### Your goal
Give again, word for word, the lines below that run from the line with "PivotChart Tools Format tab." through the line with "StarTech.com N6PATCH4GR Cat6". Drop the pictures.
++++ Records
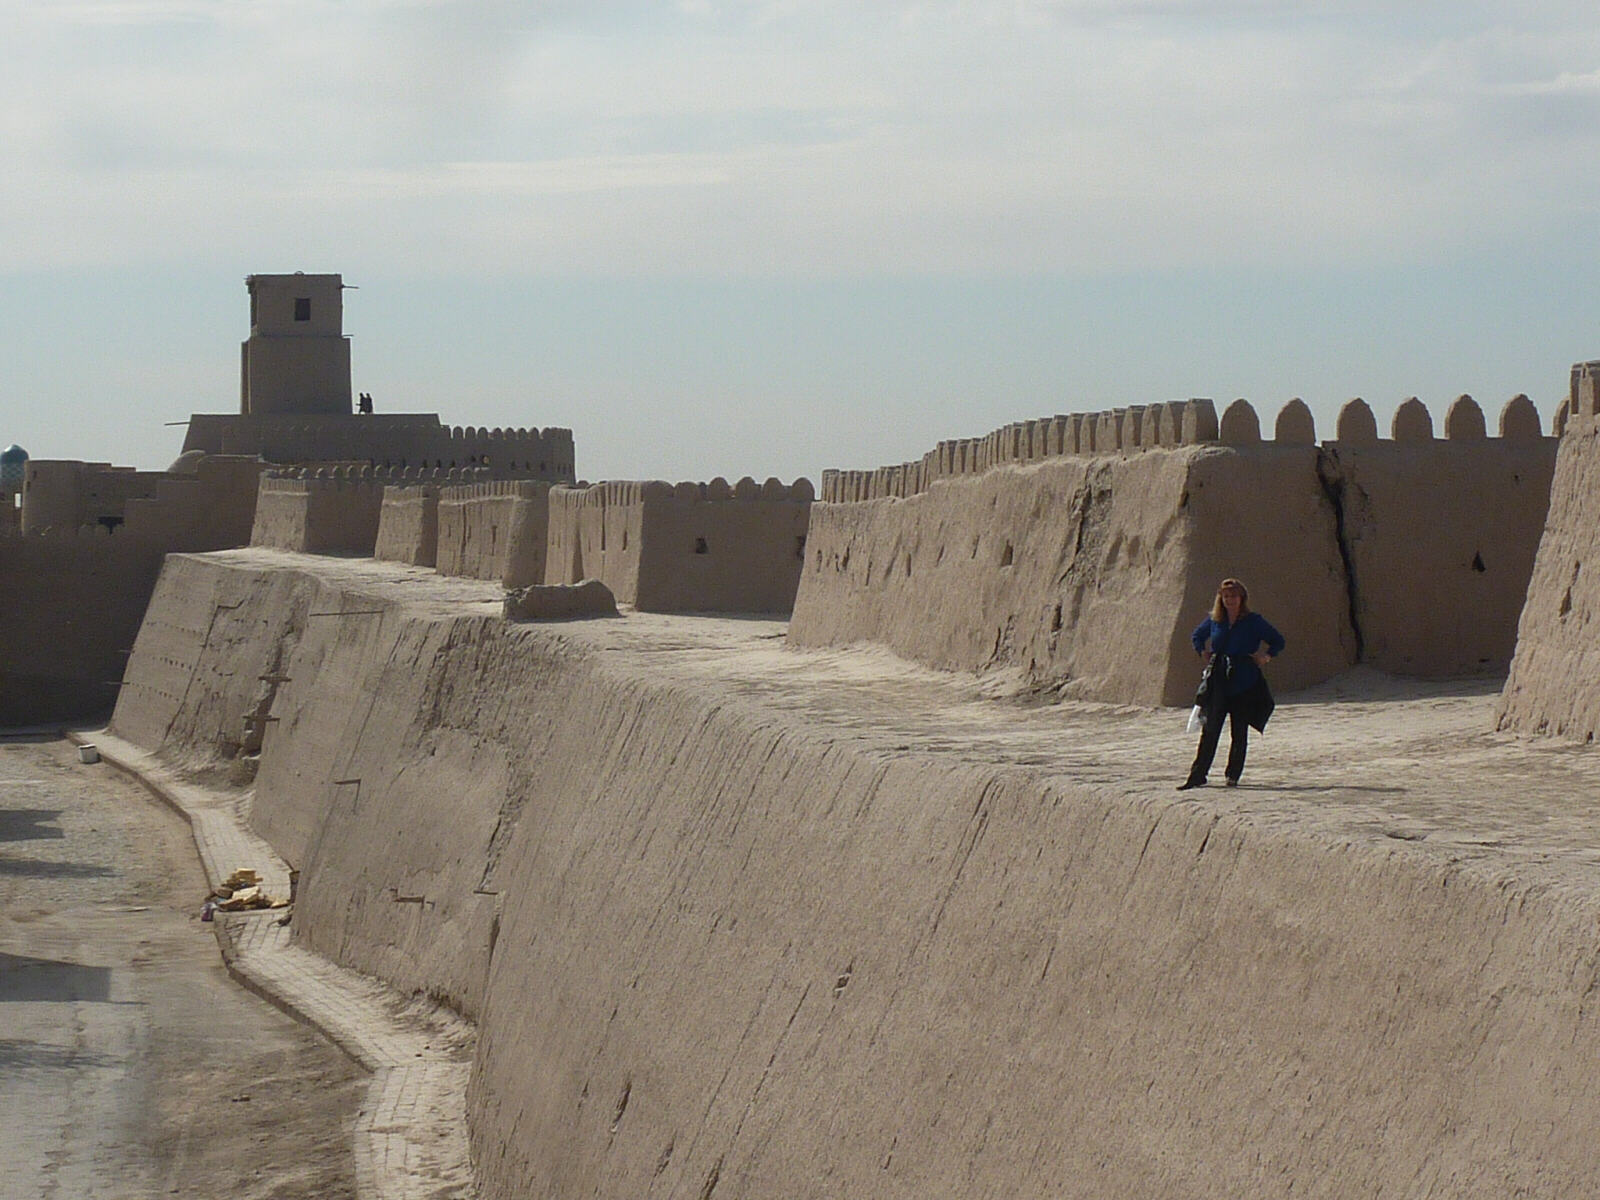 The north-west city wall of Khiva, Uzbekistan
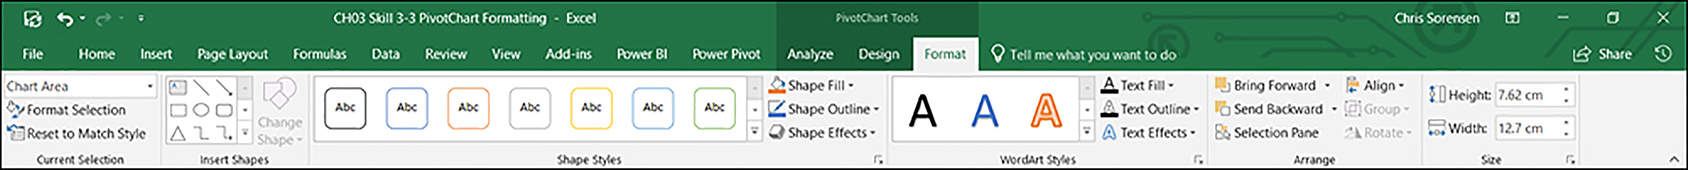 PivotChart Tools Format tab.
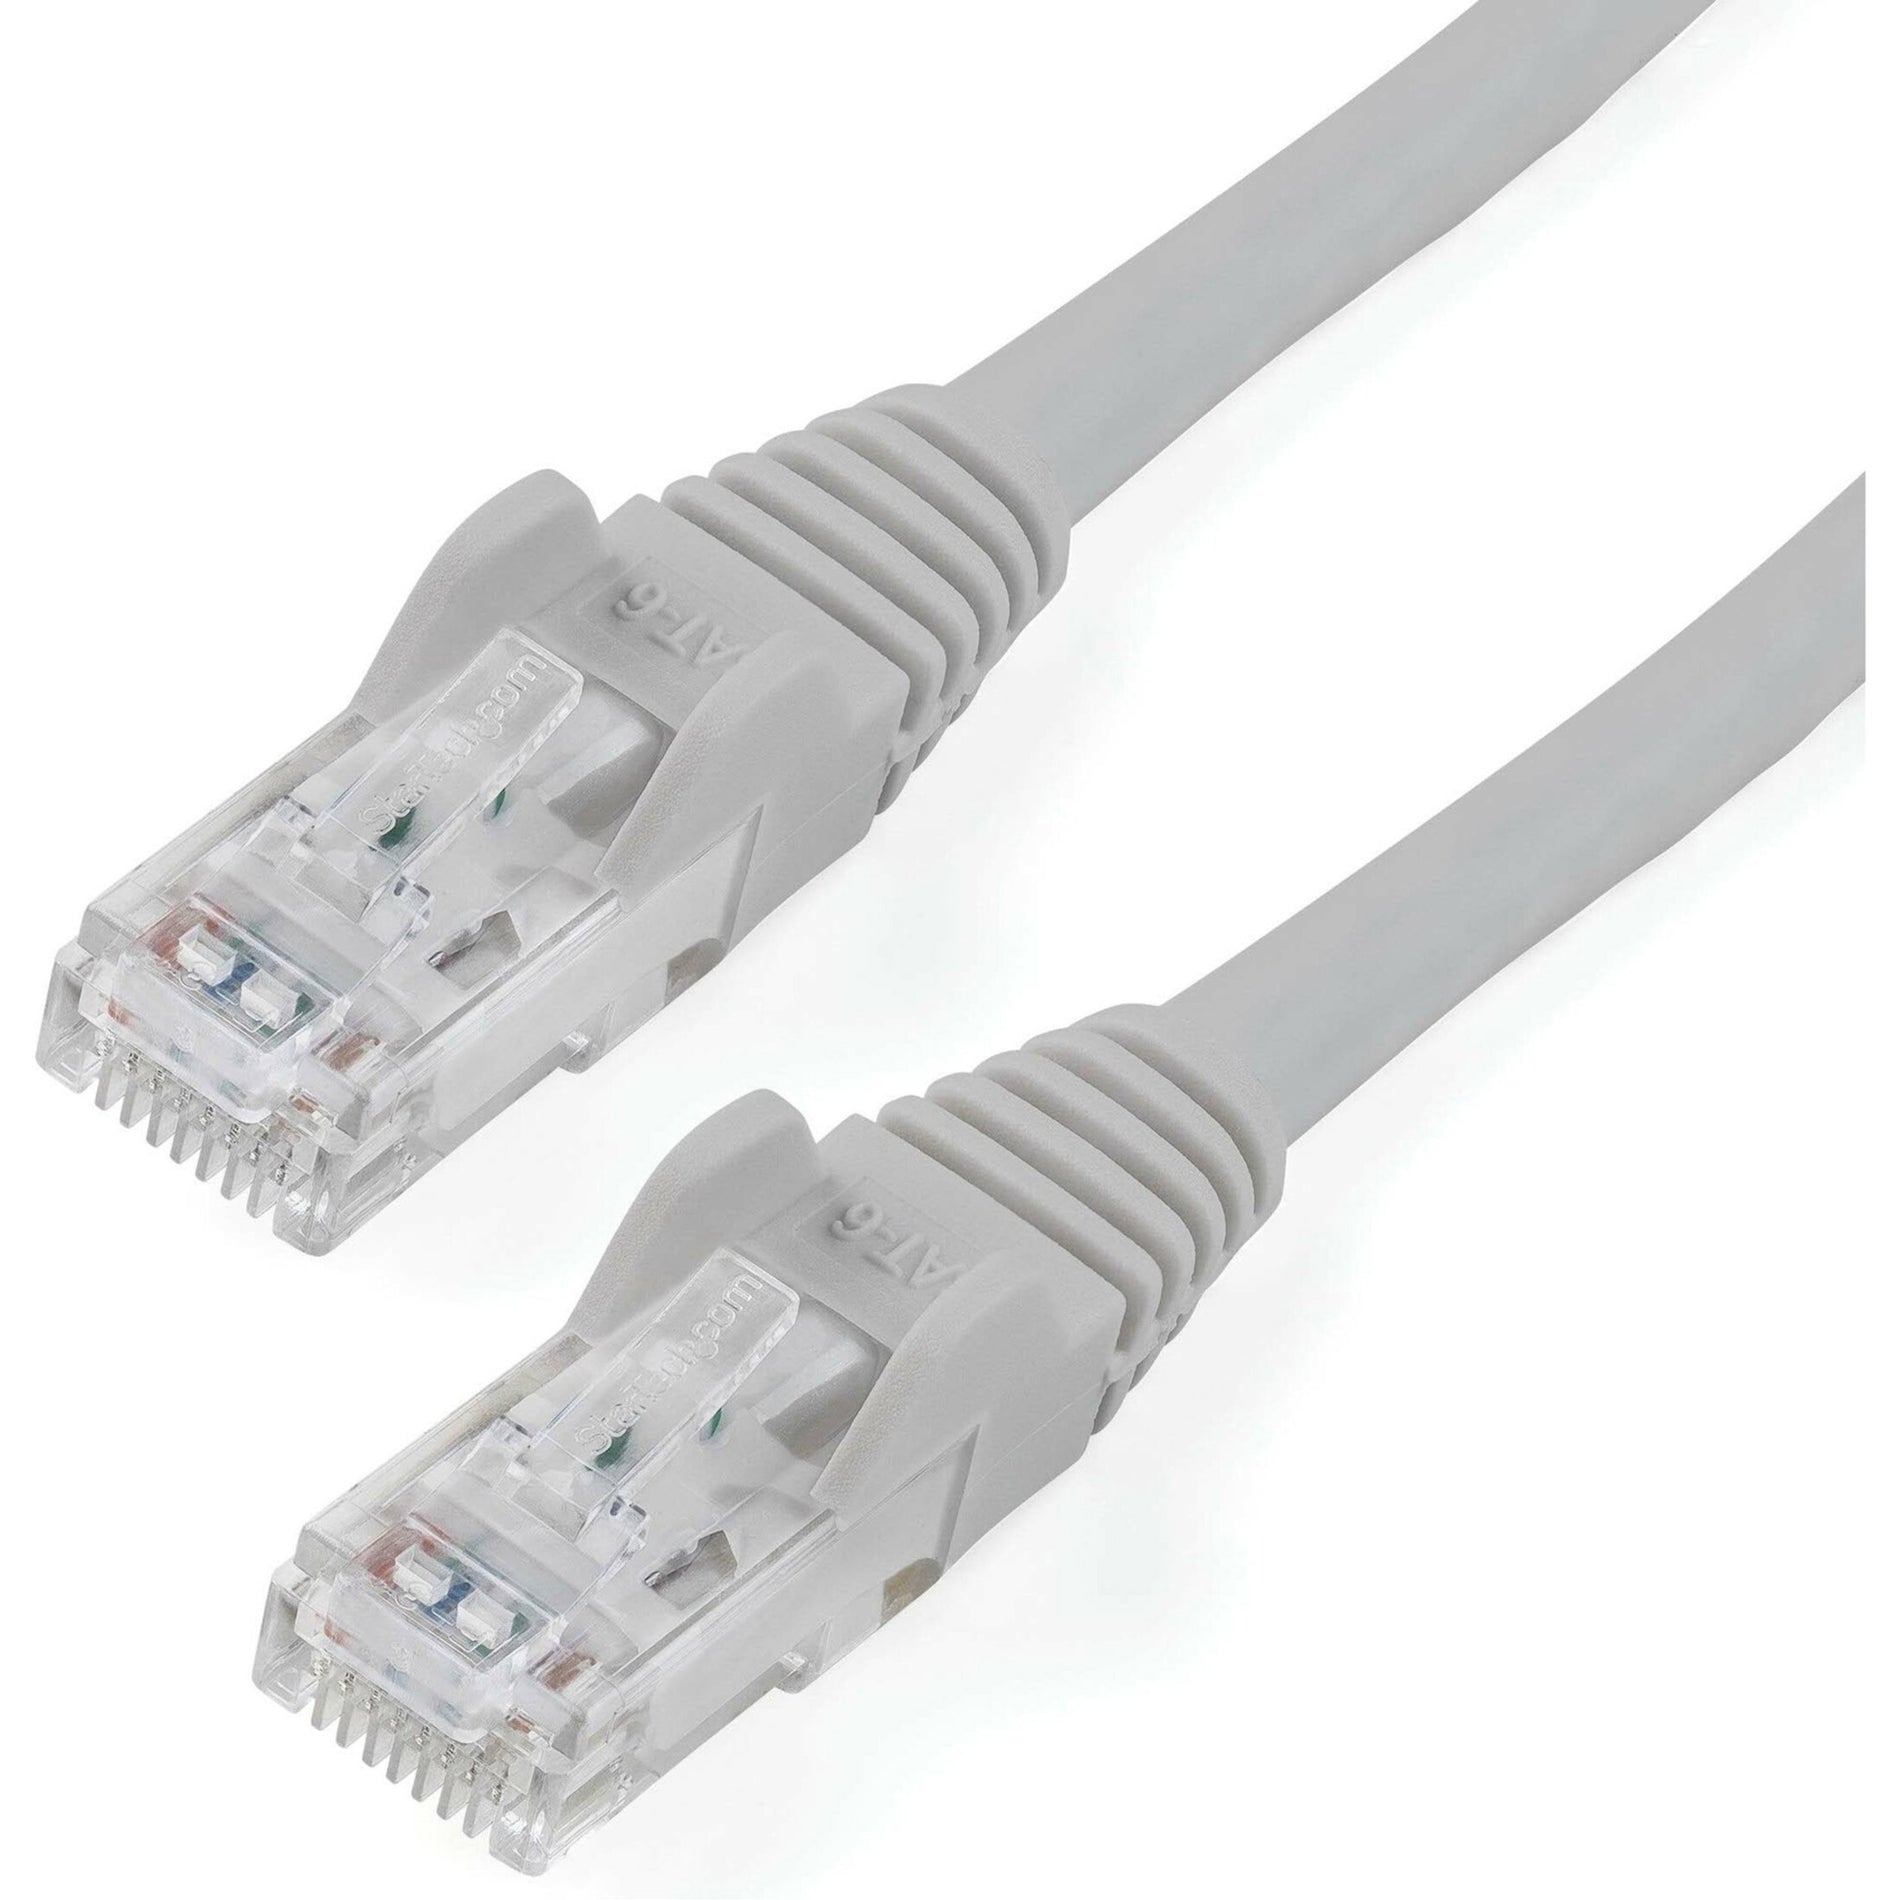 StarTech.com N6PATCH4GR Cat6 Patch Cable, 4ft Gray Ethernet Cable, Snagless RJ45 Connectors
++++++++
++++ Records
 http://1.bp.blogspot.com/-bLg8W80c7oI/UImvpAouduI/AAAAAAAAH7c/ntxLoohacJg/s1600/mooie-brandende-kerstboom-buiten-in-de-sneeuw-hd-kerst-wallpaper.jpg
++++++++
### Response area
 PivotChart Tools Format tab.
 StarTech.com N6PATCH4GR Cat6 Patch Cable, 4ft Gray Ethernet Cable, Snagless RJ45 Connectors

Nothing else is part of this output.